From that, targeted ads can be played that are quite relevant to the user's interests,
and consequently, advertising rates can be substantial. Also, voice "click through"
can be accomplished by saying a word relevant to the ad (such as "Say 'Amazon' to
hear more on a special offer from Amazon.com").
Content Aggregation
As mentioned above, all content is aggregated locally, and saved either in the database
or as audio files in the File Server. Conversion of the audio includes conversion
of audio format, sampling rate, etc. based on hand-optimized tests of each provider's
content. This is necessary because some content sounds best using one set of conversion
steps, and another sounds best with a different set of steps.

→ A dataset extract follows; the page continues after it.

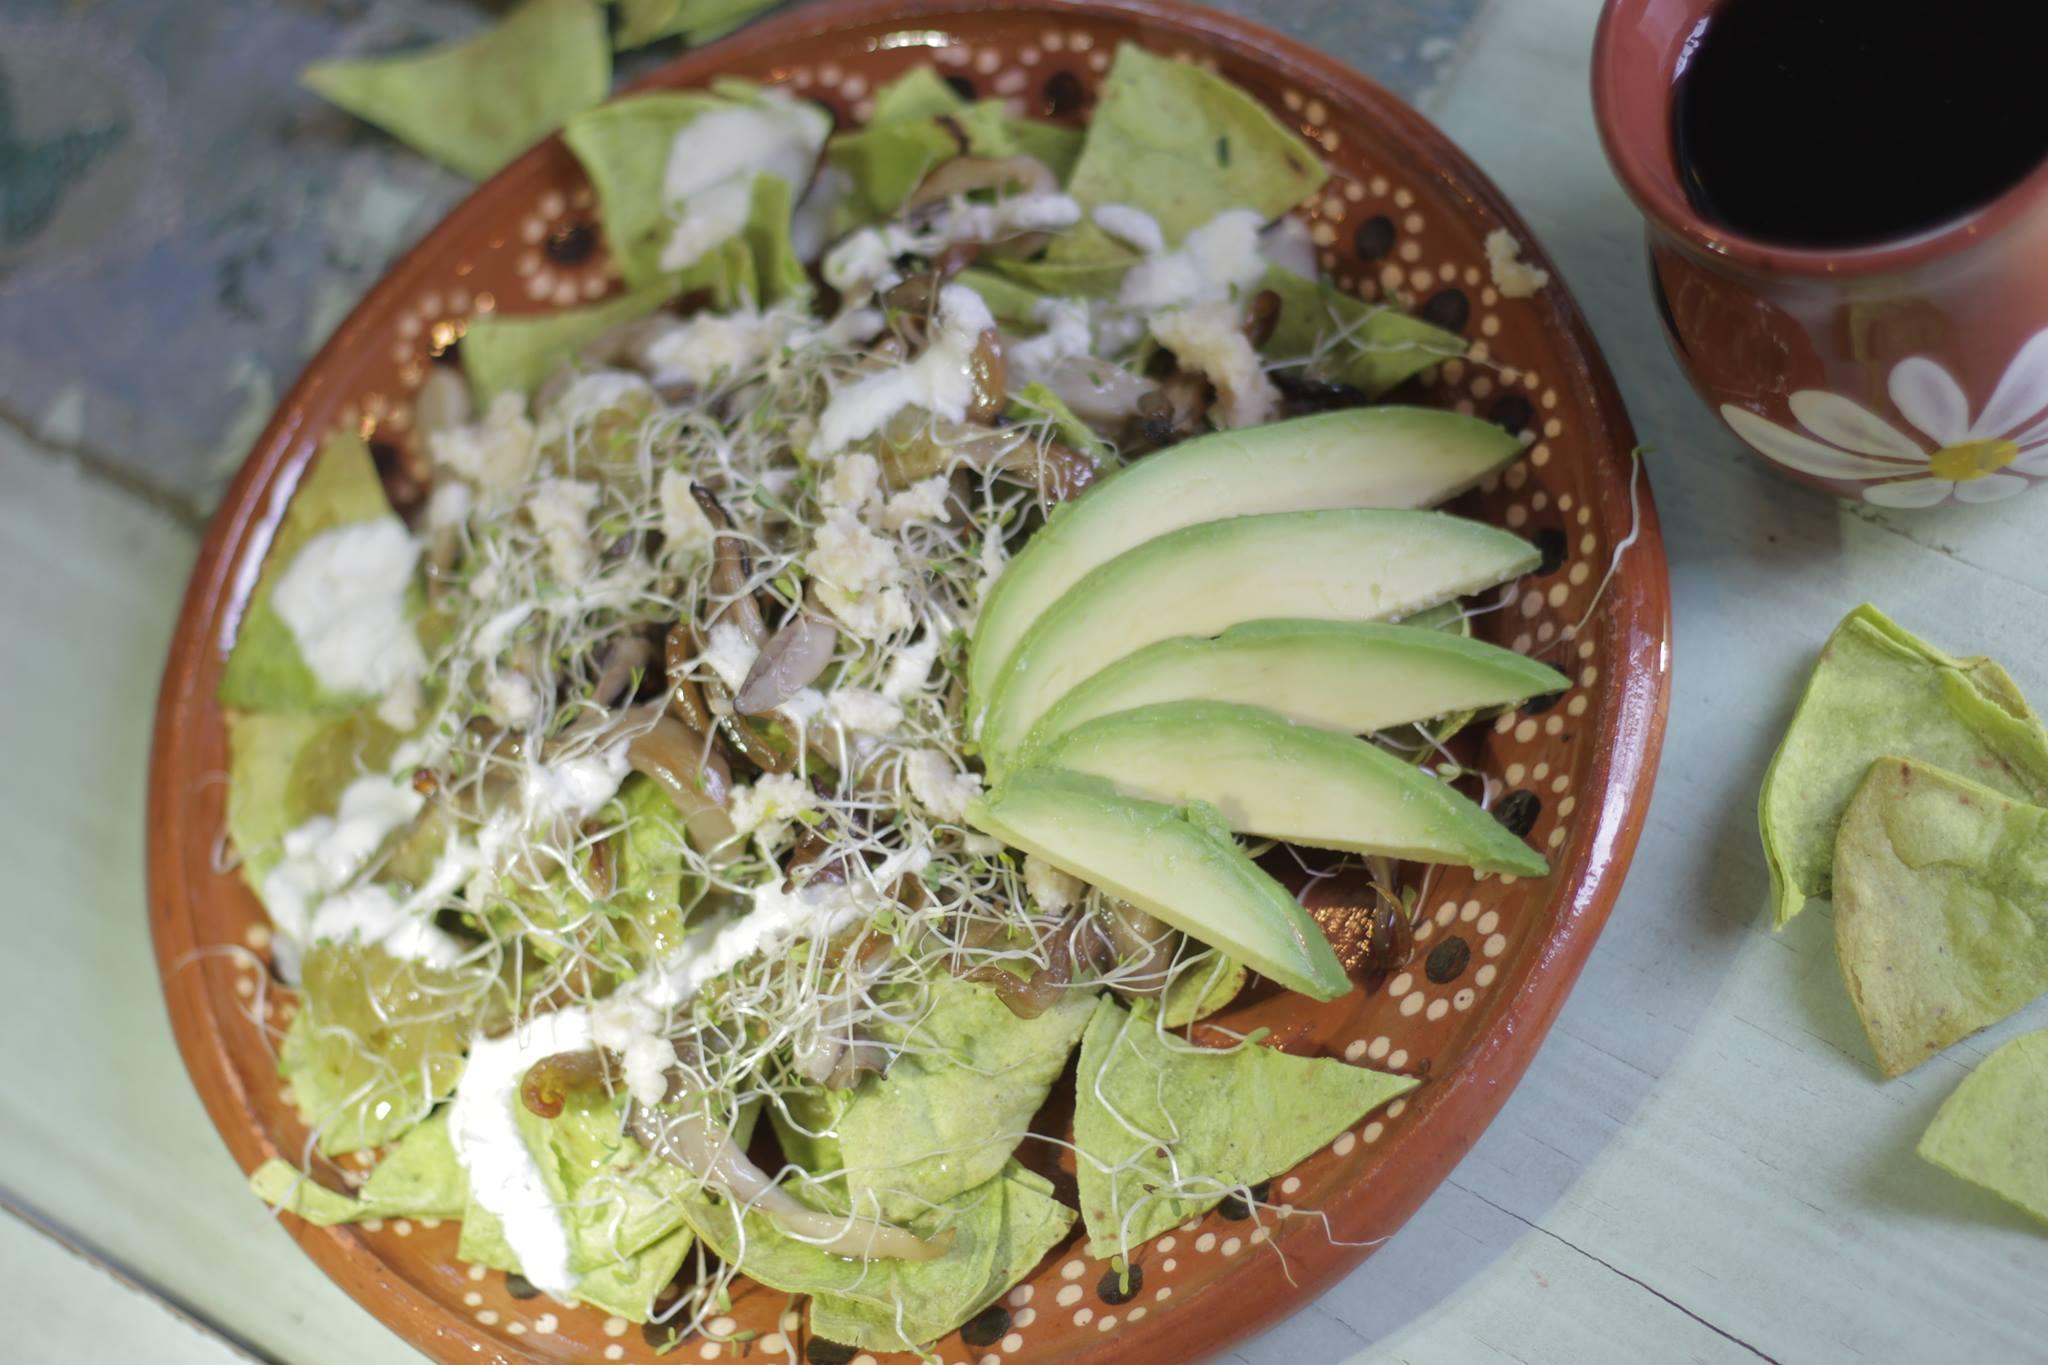 Chilaquiles aus Kaktusmehl mit grüner Chili-Sauce

We normalize the audio level, both for the best user experience, and because normalized
audio levels improve speech recognition performance. We track updates of all content,
so that those who select on the Web site to hear "only new stories" will hear updated
content, but stories they have heard are skipped.
The content aggregation system is composed of a set of processes that are themselves
monitored by overseer processes that can stop and restart them if a problem occurs.
For instance, with the real-time sports scores streaming socket connection, we have
many layer of resiliency built in, so that we can switch to an alternate provider
socket and perform a number of other actions to resolve a provider problem. Each
step is logged, and notification is sent to Operations personnel if the problem
doesn't resolve itself quickly.
Operations can view the state of all content at any time. For instance, for the
Wall Street Journal content, we can see:
All content has a proper update frequency, and these are used to determine when
to generate notifications to Operations personnel.
Personalization and Preferences Server
An XML interface to the personalization engine is provided so that it remains independent
of the presentation layer. We provide a Java XSL engine and XSLT style sheets to
convert it to HTML for the Web site. This architecture has a number of advantages:
- All presentation information is isolated in the XSLT, allowing multiple brandings
and language versions to be supported on-the-fly.
- This method also supports other presentation markup.